Jane Anson has said that her tasting notes have been better during Lockdown and, even though tasting at home with samples has had some glorious advantages – taking more time, watching wines evolve – it was good to taste ranges again in more limited time, see old friends and start to tentatively feel one’s way back into what ‘normal’ wine-tasting life is going to look like.

The journalists I talked to all felt safe and were glad to get out tasting again – R&R had consciously kept the numbers down – which led one critic, sat in the shade, slowly working their way through one range to remark that they actually preferred this set-up. Fewer elbows to get through at the busier tables of yore and “none of the plastic bag brigade.”
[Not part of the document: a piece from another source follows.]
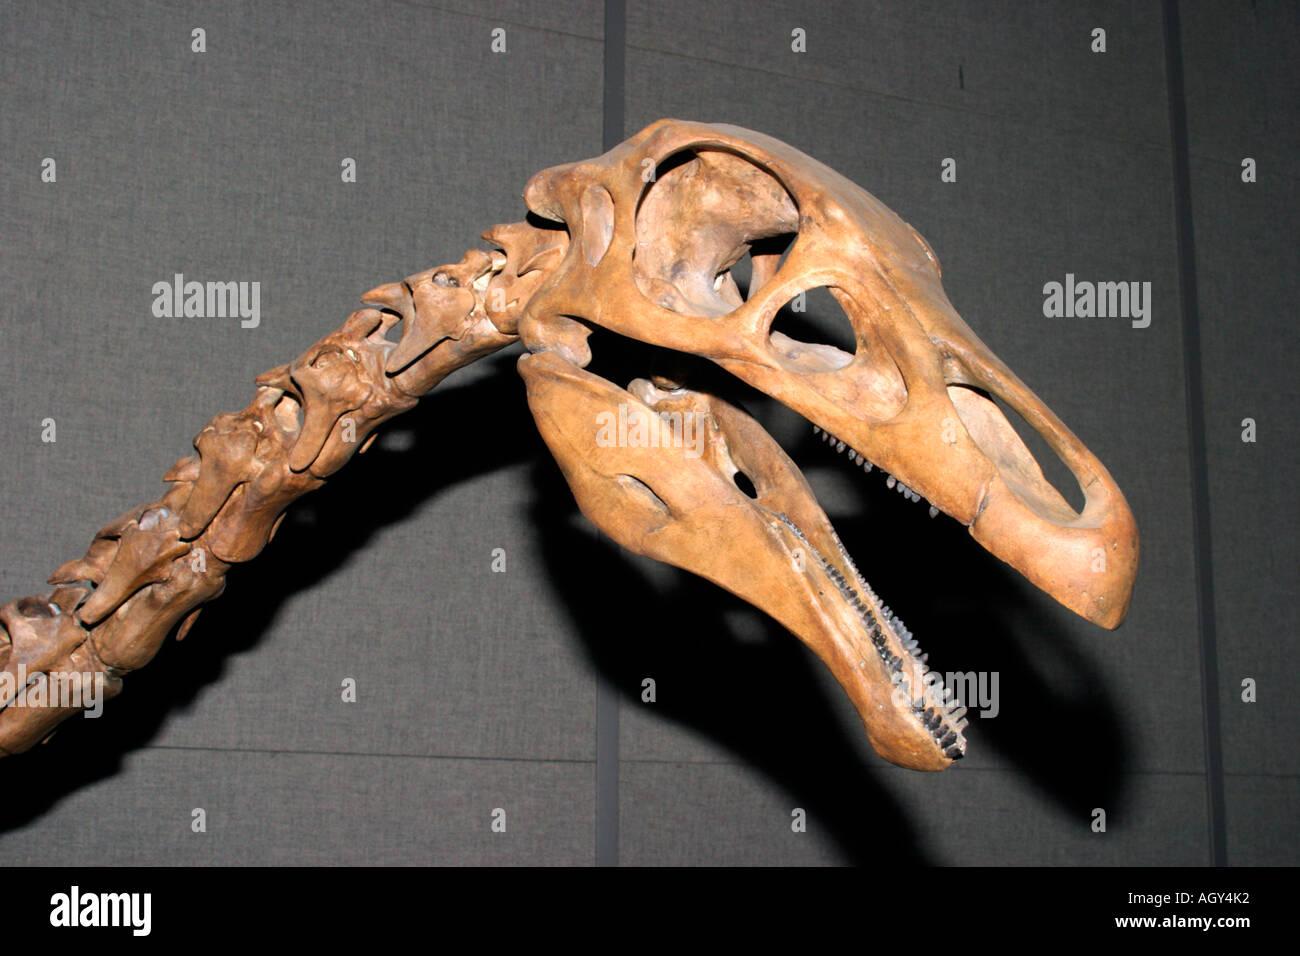 Skeletal replica of Alkasaurus dinosaur skull, Royal Tyrrell Museum, Drumheller, Alberta, Canada. - Stock Image
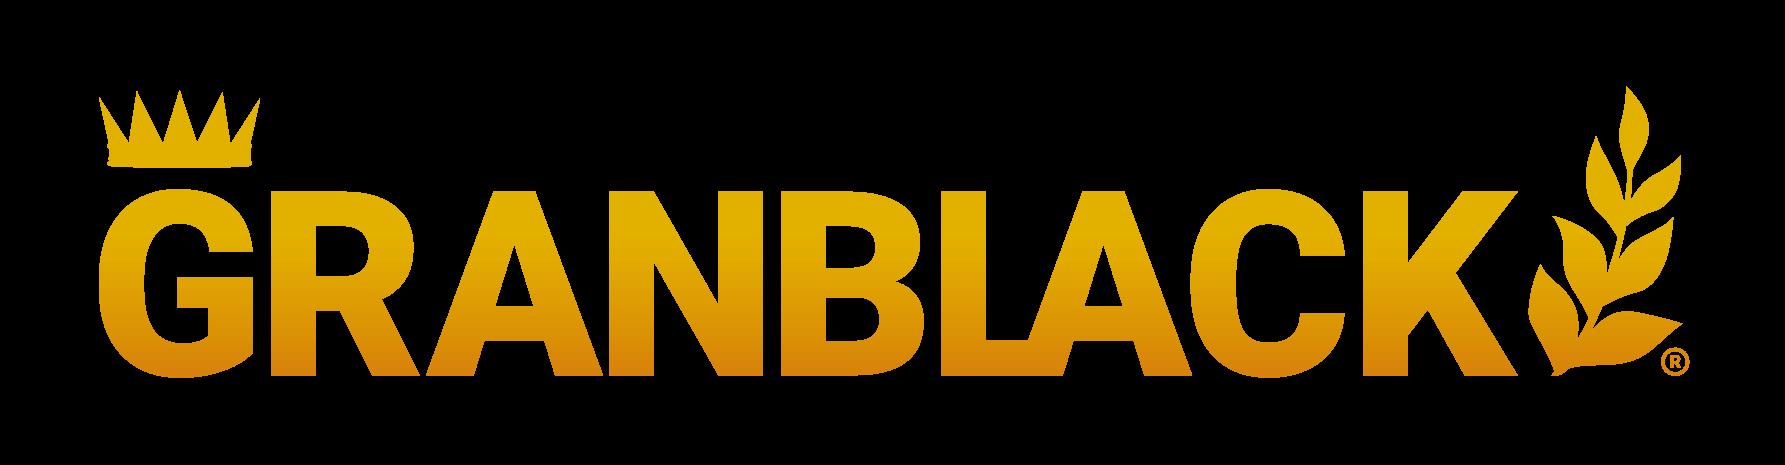 GRANBLACK Logotipo Horizontal

Lessons learned – lots of room, fewer people, clear rules of engagement, everything on hand for safety, a large but manageable selection of wines and no ‘who can spit the farthest into the spittoons’ competition. And no, I did not pick up any notes of sanitiser in the wines!
Good then to break the ice although, one suspects, it was the ice with this one that probably broke the budget.
There were many excellent wines on show which will be covered in a separate piece.